Oppure se ci sono dei risultati attribuirli unicamente alla propria bravura, privandosi della gioia e dello stupore di fronte a cambiamenti che verrebbe spontaneo definire “miracoli”, e perché no, se crediamo che l’azione di Dio pur misteriosa e insondabile è in atto nel giovane. E ancora non riconoscere che, per alcune problematiche, non si hanno gli strumenti adatti mentre il bene del ragazzo richiederebbe, per quanto possibile, di rivolgersi a competenti.
Alcuni elementi di struttura: luogo, durata, scadenza dei colloqui.
Evitando i due estremi di lasciare tutto all’improvvisazione o essere troppo rigidi, il concordare, in linea di massima, il luogo di incontro, la durata e una possibile scadenza degli incontri invia un messaggio di serietà e di impegno per ambo le parti. Il giovane intuisce che non si tratta di qualcosa di banale, superficiale o episodico e si sente preso sul serio.
Luogo: per quanto la situazione lo permetta è preferibile un luogo accogliente, dove il giovane possa sentirsi a suo agio. Una stanza disadorna o poco linda suscita repulsa o comunque è meno invitante, e questo non solo per le ragazze che, al riguardo, possono essere più esigenti, anche per i maschi.
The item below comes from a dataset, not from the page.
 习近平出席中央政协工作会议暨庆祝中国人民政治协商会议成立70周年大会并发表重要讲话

Queste particolarità, a livello emotivo lasciano un segno. Le situazioni impongono talora dei compromessi, ma non possono costituire la norma. Ricordo di un giovane che al primo incontro esordì: “Meno male che lei è lì seduta”. E proseguì dicendo che l’incontro con il D.S. avviene camminando e non gli piace affatto perché ha l’impressione di non essere ascoltato. Di certo non è esattamente così, comunque il luogo e il modo di stare con il giovane hanno la loro importanza. Dobbiamo ricordare che non si comunica solo verbalmente. Tutto il proprio essere, il modo di relazionarsi e il contesto stesso inviano messaggi.
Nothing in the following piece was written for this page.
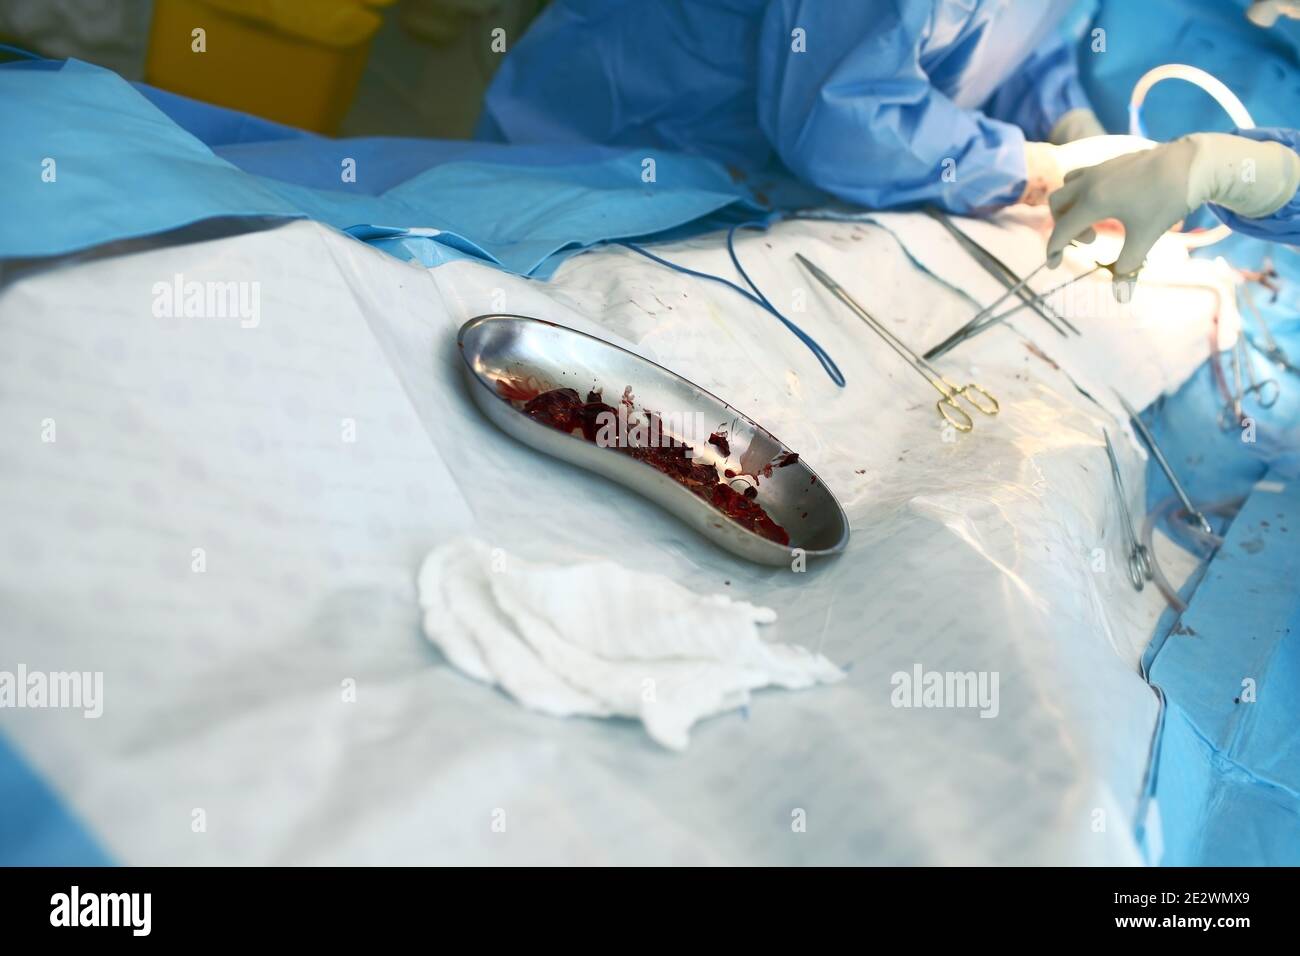 Coaguli di sangue eliminati dai vasi durante l'intervento chirurgico. Foto Stock

Durata del colloquio: due modalità negative, un colloquio sbrigativo o comunque un tempo così esiguo con l’implicito messaggio, seppur involontario: “non ho tempo da perdere per te”, e dall’altra “sedute fiume”, dove il giovane parla per ore con l’amara impressione di prendere sempre la tangenziale senza approdare a nulla. Se in particolari circostanze o all’inizio può essere opportuno dare più tempo affinché il giovane possa esprimere ciò che lo preoccupa, acquisire una certa fiducia, e intanto avere modo di comprendere la sua storia, gli eventi salienti e suoi stati d’animo prevalenti, di regola un colloquio di circa un’ora può rappresentare un tempo congruo, opportuno e sufficiente. Può sorprendere, eppure anche questo assume una valenza educativa, è il caso di un giovane che stava attraversando una fase burrascosa e ogni volta che veniva avrebbe parlato, credo, anche per una giornata intera riluttante quasi sempre a concludere il colloquio. Un giorno arriva soddisfatto. Aveva imparato a “stare a galla”, a non sentirsi affogare nelle difficoltà persistenti. Richiesto in che modo vi fosse giunto, precisa che innanzitutto in qualsiasi situazione lui risultava “vivo” e inoltre visto che il colloquio terminava benché i suoi guai non fossero risolti, significava che poteva convivere con tali difficoltà.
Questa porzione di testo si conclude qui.